After recording on The Movement’s album Set Sail Gary Jackson (drums) and Jason Schmidt (bass) joined The Movement as full-time members of the band.

== Life ==
Treece grew up in Newark, Delaware, where he attended John Dickinson High School, but moved to Philadelphia in 1982 because, according to Treece, "I was sick of high-school and I knew I wasn't going to college. I knew I wanted to do music and skate." Between 1982 and 1990, he was a professional skater with endorsements by several companies, including Santa Cruz Skateboards, Powell-Peralta, and Airwalk sneakers. Treece released two albums with his band McRad, Absence of Sanity in the 1980s (rereleased 2001) and FDR in 2007. Treece considered his band a skate rock band, stating that in addition to himself, band members Tristan, Ethan and Zeke were also active skaters. Treece also played guitar with New York hardcore band Underdog and recorded on their 1989 LP "Vanishing Point". In 1991, he also released a solo album on Caroline Records titled Dream'n.

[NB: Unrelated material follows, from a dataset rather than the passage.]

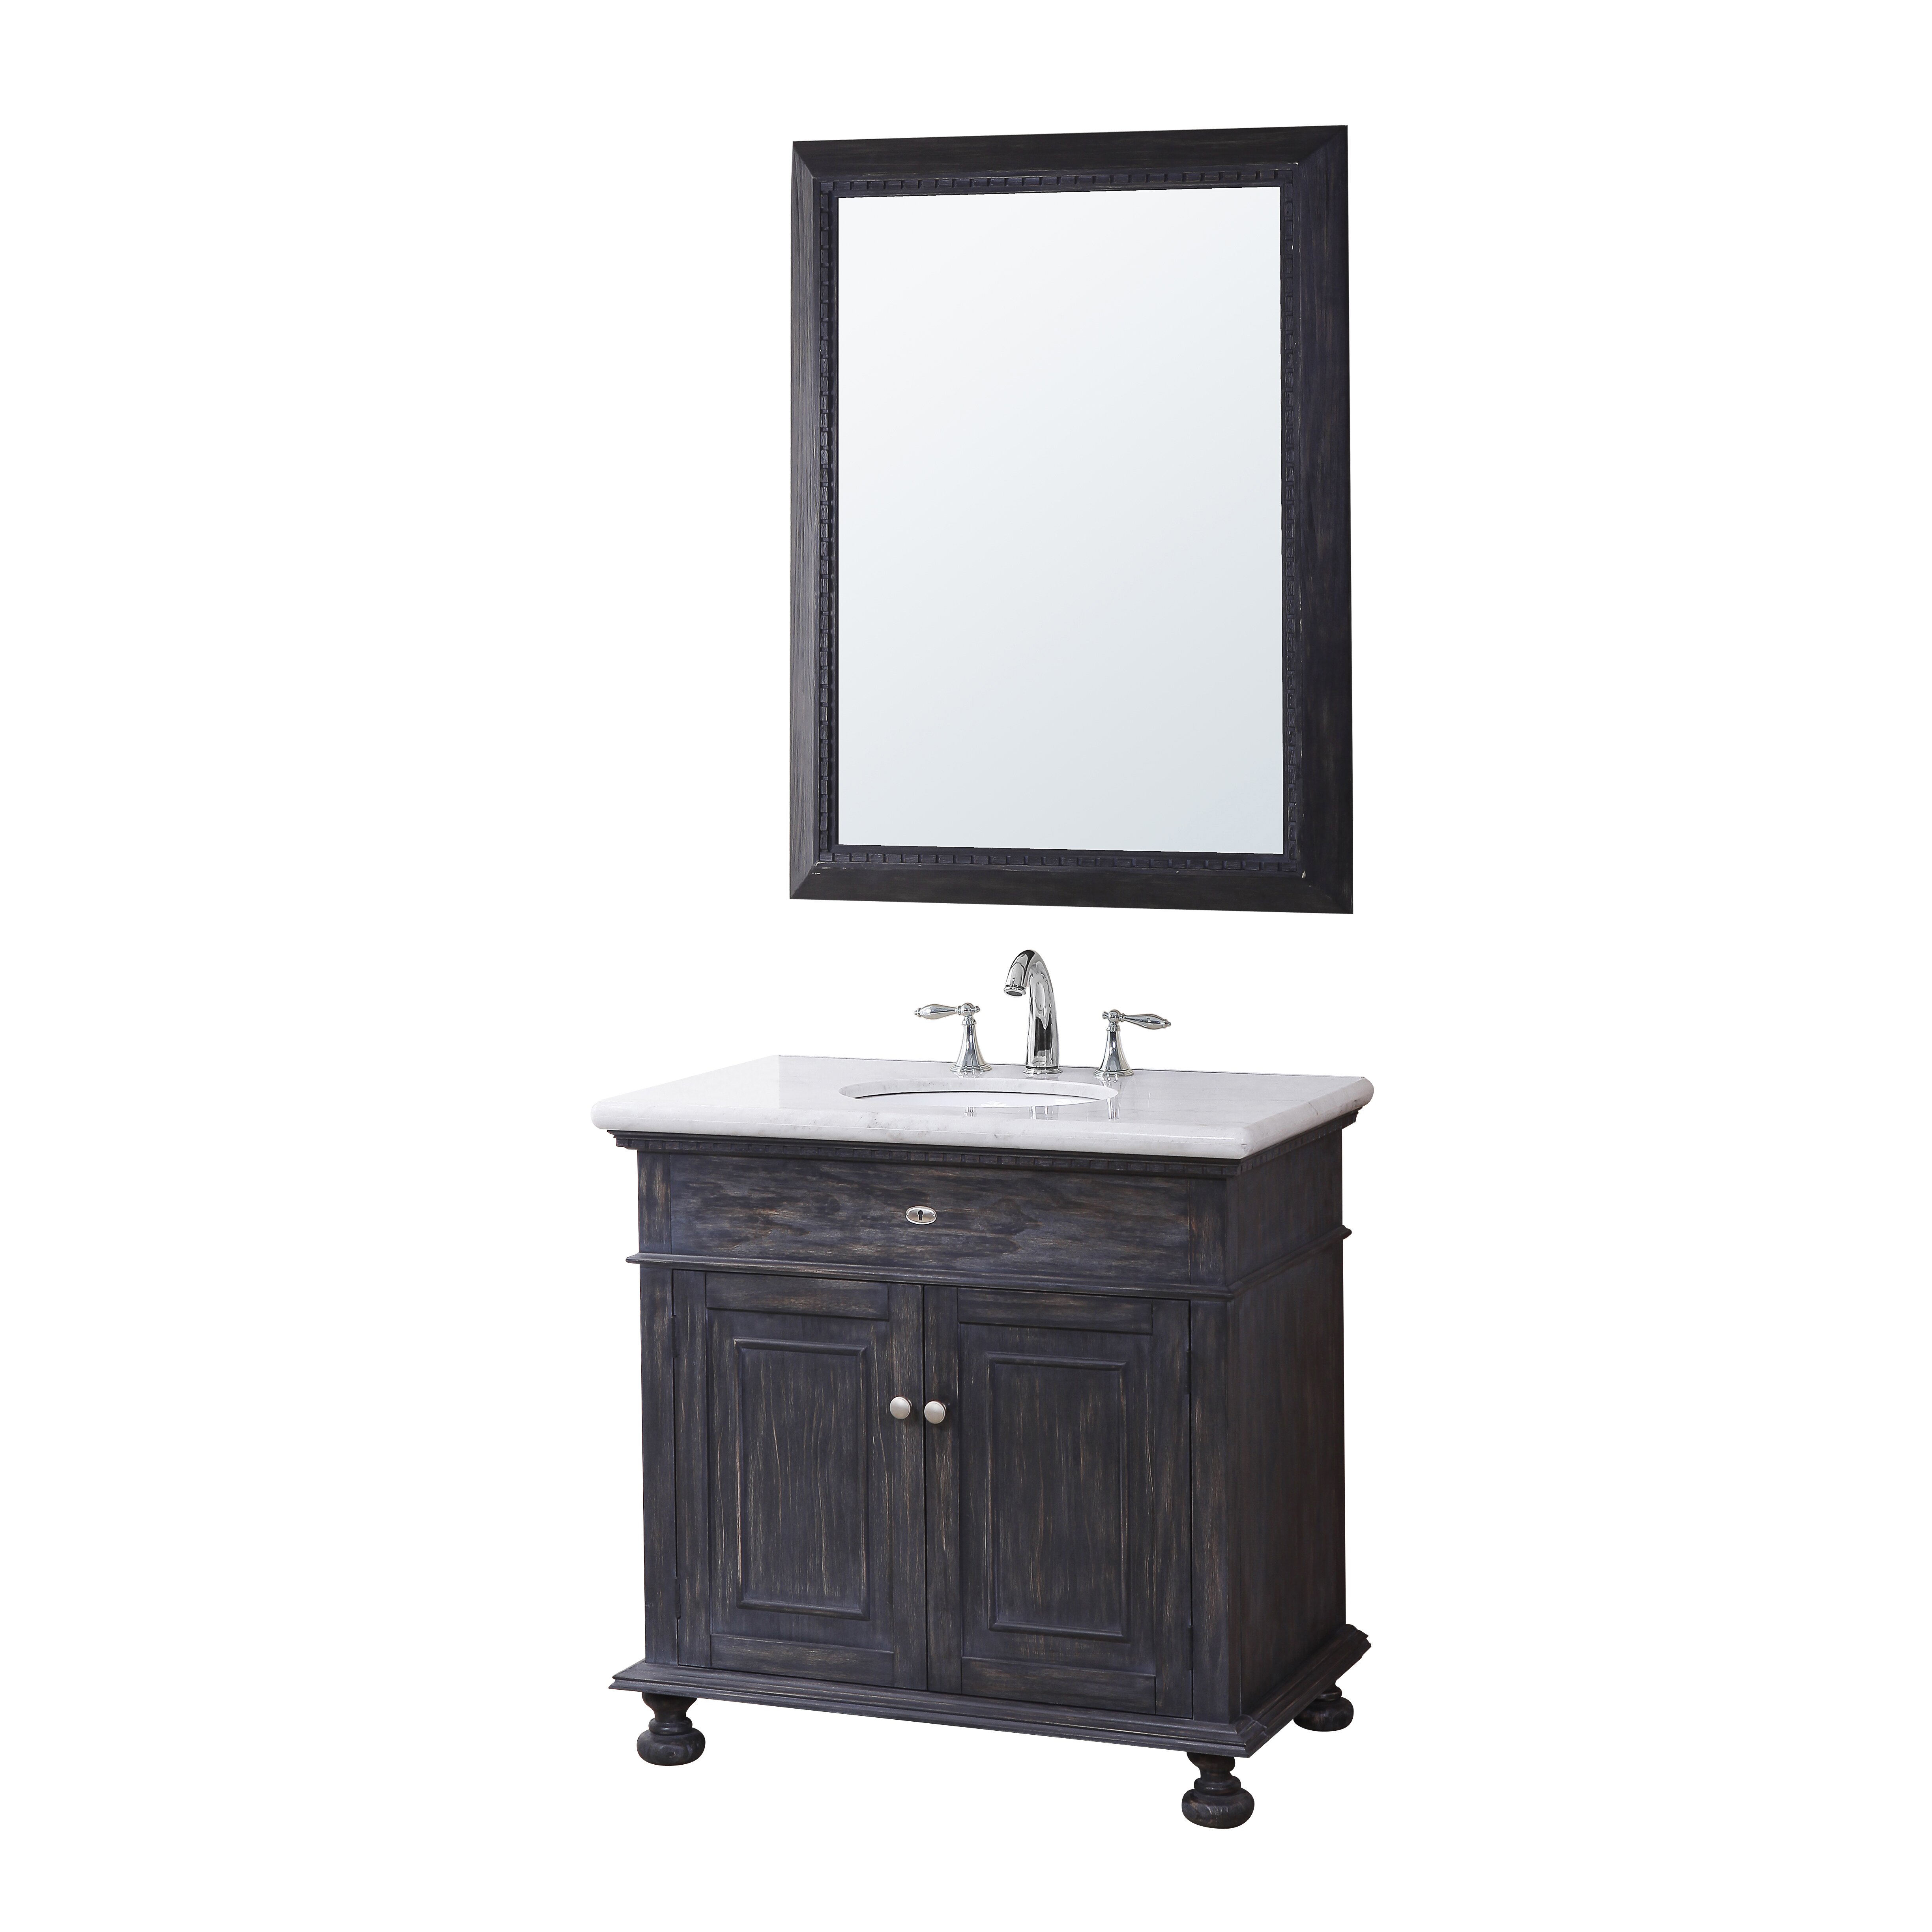 Lincoln 35quot; Bathroom Vanity Set with Mirror by Crawford amp; Burke
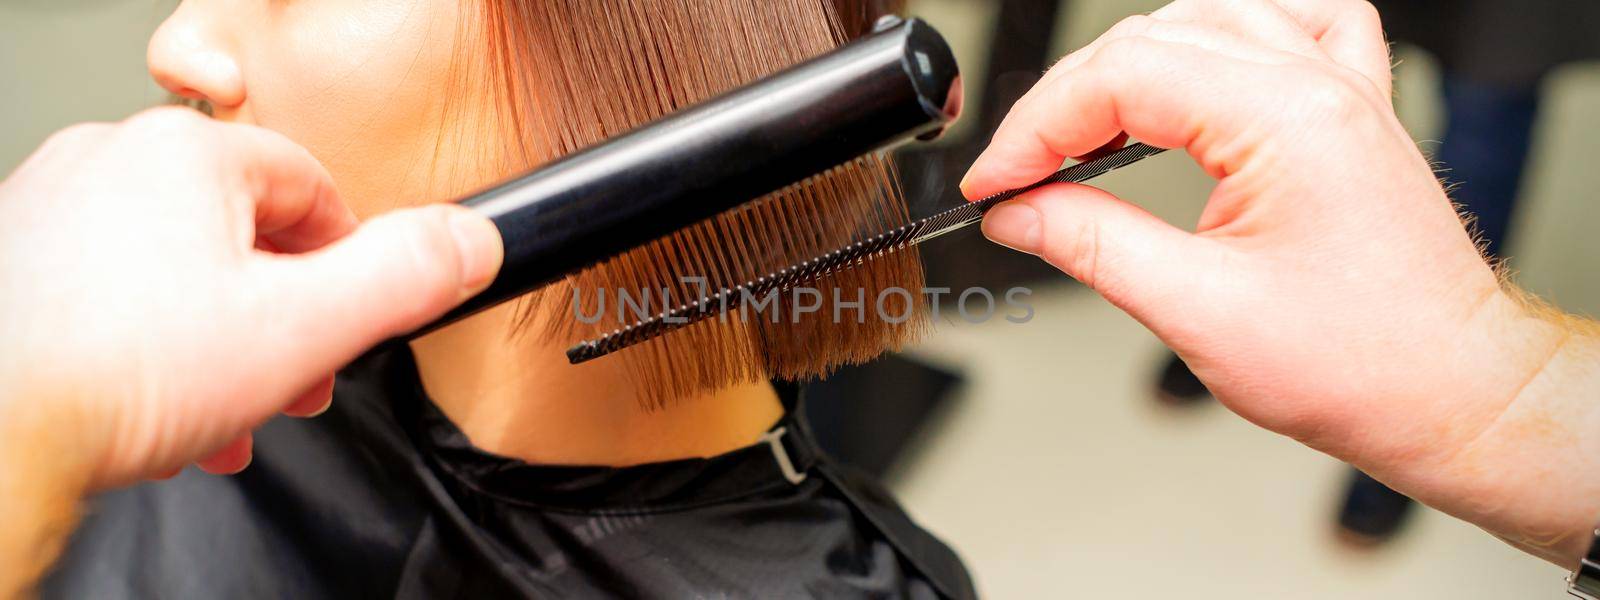 Hair stylist's hands straightening short hair of young brunette woman with flat iron and comb in a beauty salon

Starting in 2001, Treece was also a founding member of Philadelphia punk band Stiffed. The band helped launch the chart-topping solo career of Stiffed's vocalist Santi White under the stage name of Santigold, who credits Treece as "the person that got me to sing."

Most recently, Treece joined producer Chris DiBeneditto at Philadelphonic Studios to record the drum tracks for The Movement's 2008 rock/reggae album Set Sail. After recording the album, fellow McRad band members Gary Jackson and Jason Schmidt took on the role as drummer and bassist for The Movement. Treece continues to skate at FDR Skatepark in Philadelphia and works closely with legendary producer Joe "The Butcher" Nicolo. In 2010 Treece joined Philly/NYC punk band Plastic Eaters as their resident drummer. In 2014 Treece continued his Long time musical connection with legendary singer [HR] of the Bad Brains writing and recording new tracks in the studio and performing live shows on Drums with HR and Philly Dub/ Reggae outfit I Yahn I Arkestra notably featuring Treece's childhood Musical mentor, the original Dub Warrior Timi Tanzania. In January 2016 Treece played second guitar in the DC hardcore group Scream at the Black Cat in Washington DC
for a benefit show for area musician Doc Night.

In 2022, Treece joined Michael Hampton to form the funk/punk fusion group Punkadelic. With Hampton on guitar and Treece on bass and drums, Punkadelic performed both original music and Funkadelic covers in Philadelphia, Mexico, and live on the radio at WOCM Ocean 98 in Ocean City, Maryland. Punkadelic released 2 singles and an original EP titled Collective Consciousness in 2023.